● **EXERCISE DETAILS**:
With the pictures removed, write out the data below exactly.

● **COLLECTED DATA**:
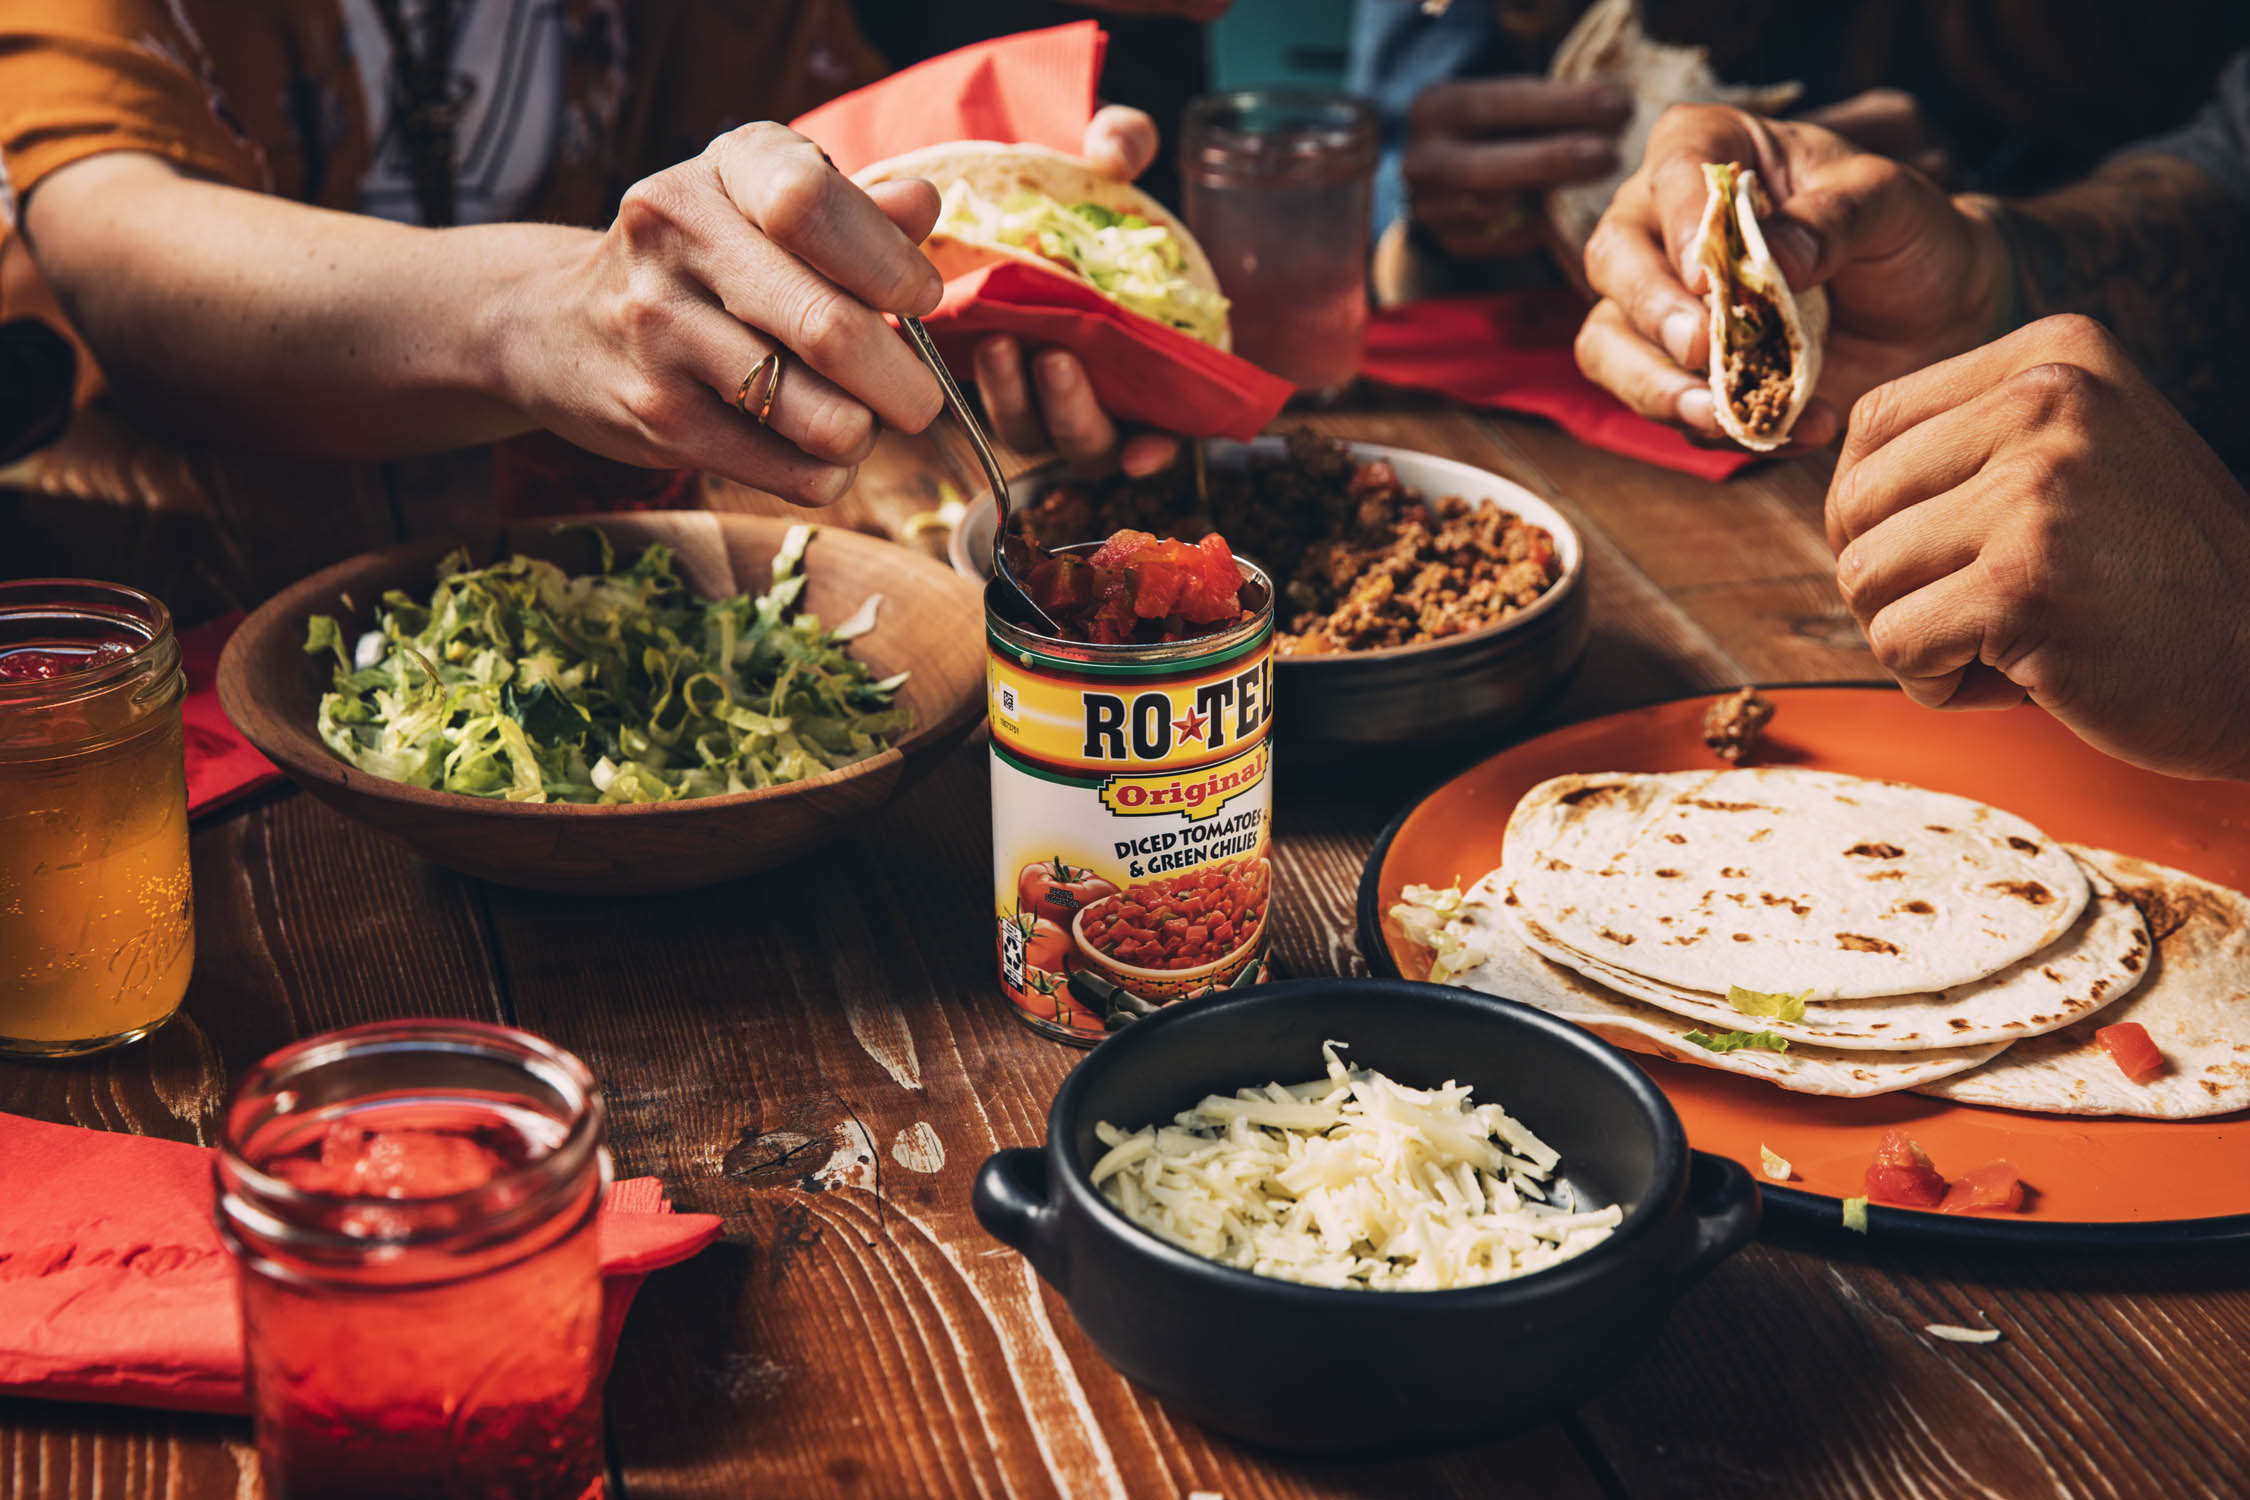 170907_Rotel_Rocking_Tacos_10653.jpg
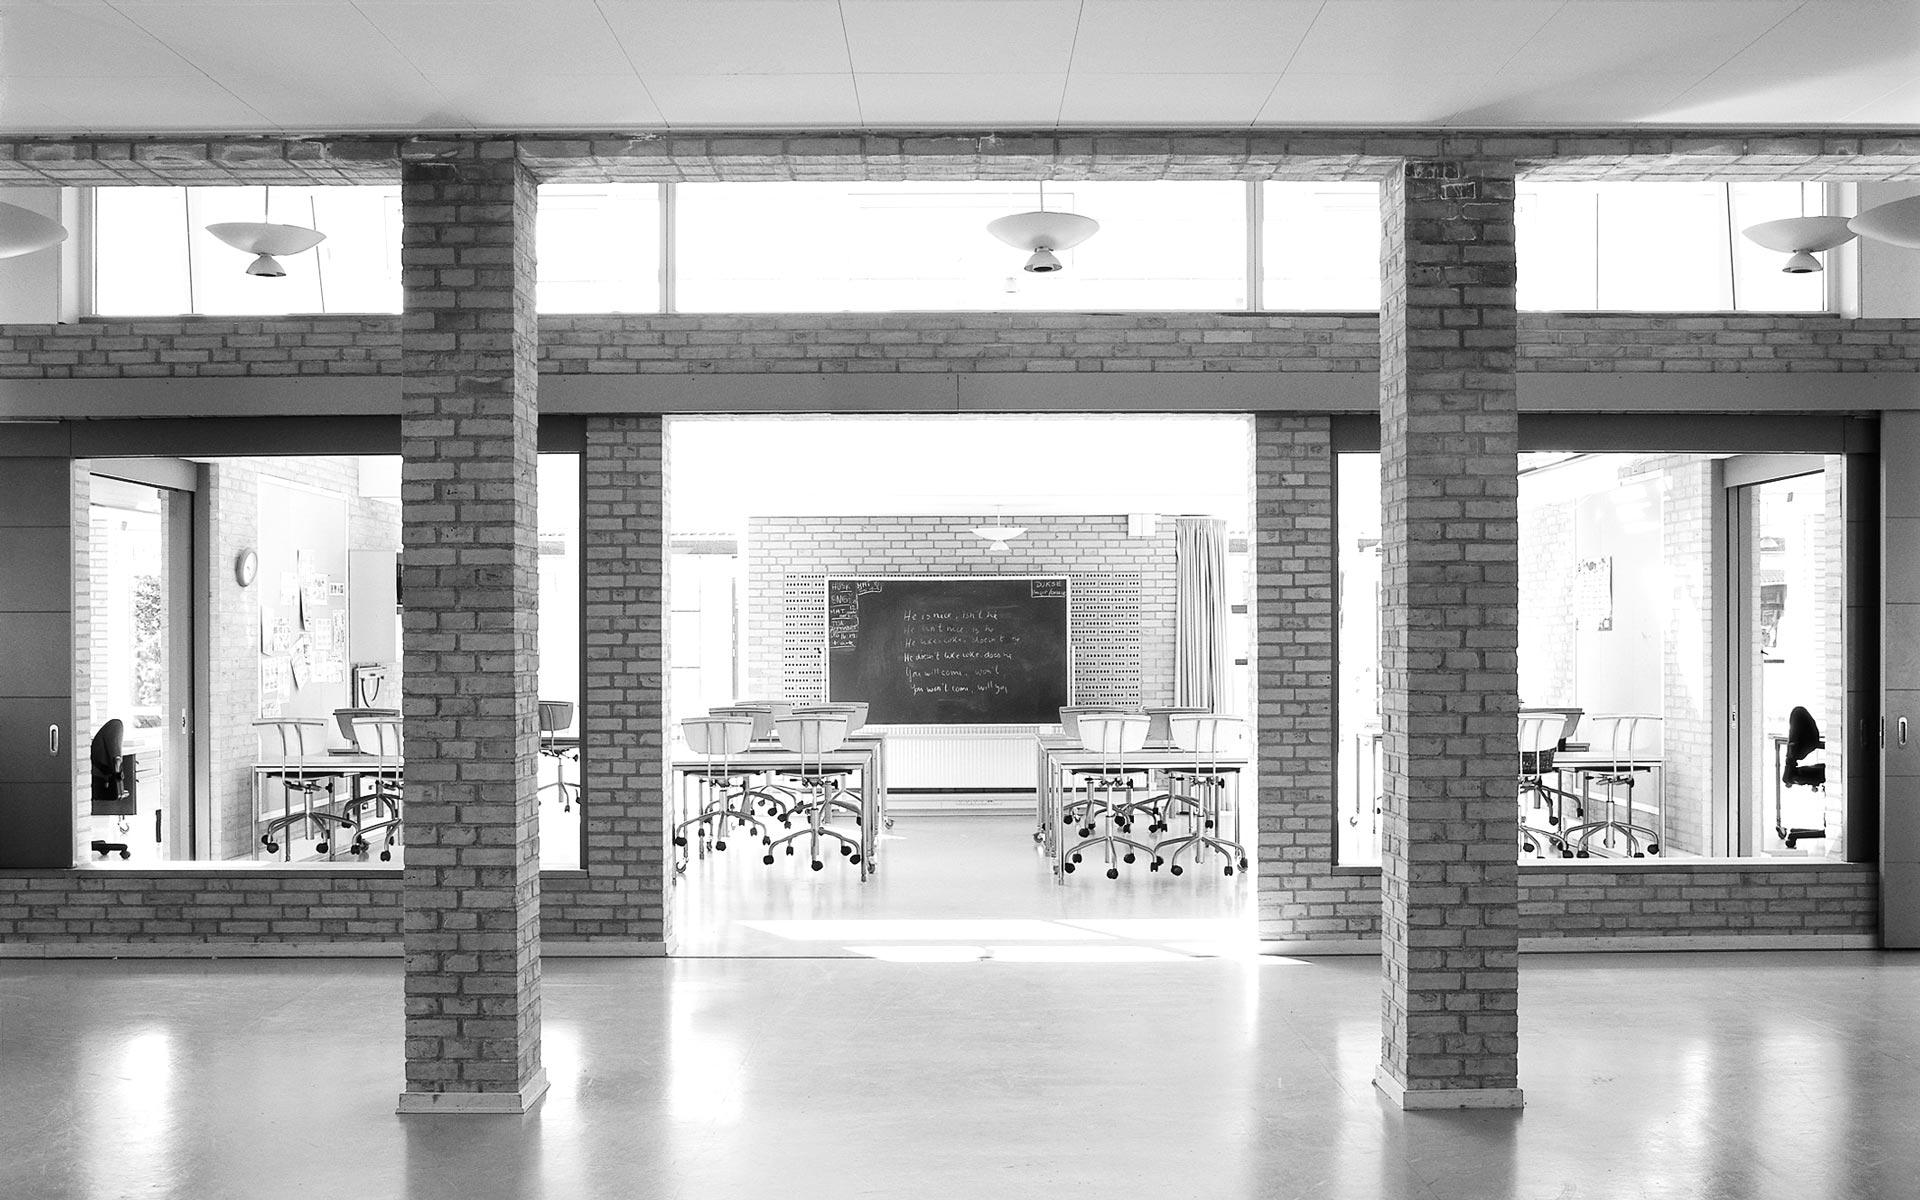 BG-Ronbaekskolen
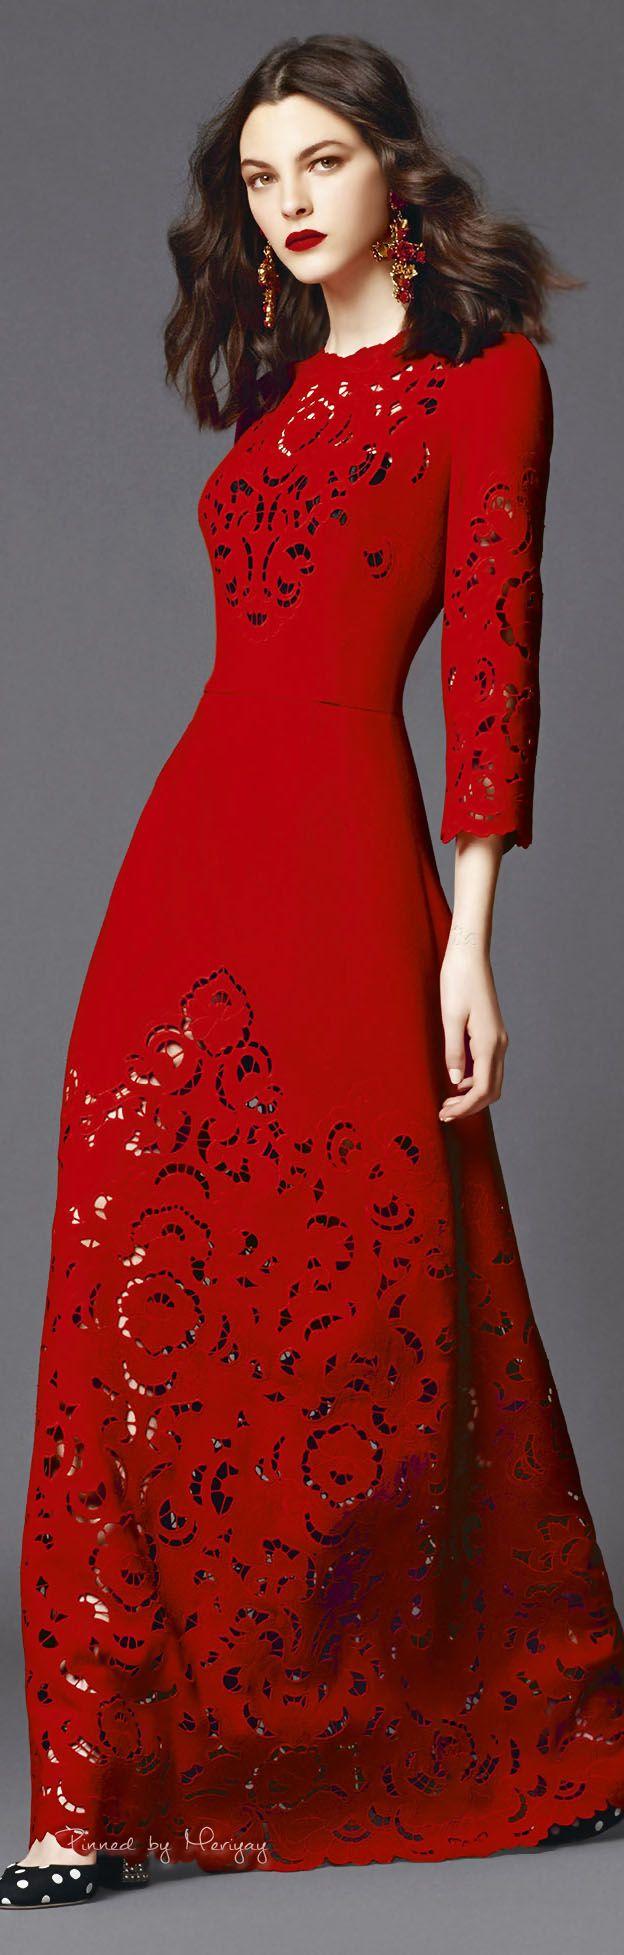 The Millionairess of Pennsylvania / karen cox.  Ravishing red / Valentine's Day. ♔Dolce & Gabbana.2015♔

● **RESPONSE FOR THIS EXERCISE**:
 170907_Rotel_Rocking_Tacos_10653.jpg
 BG-Ronbaekskolen
 The Millionairess of Pennsylvania / karen cox.  Ravishing red / Valentine's Day. ♔Dolce & Gabbana.2015♔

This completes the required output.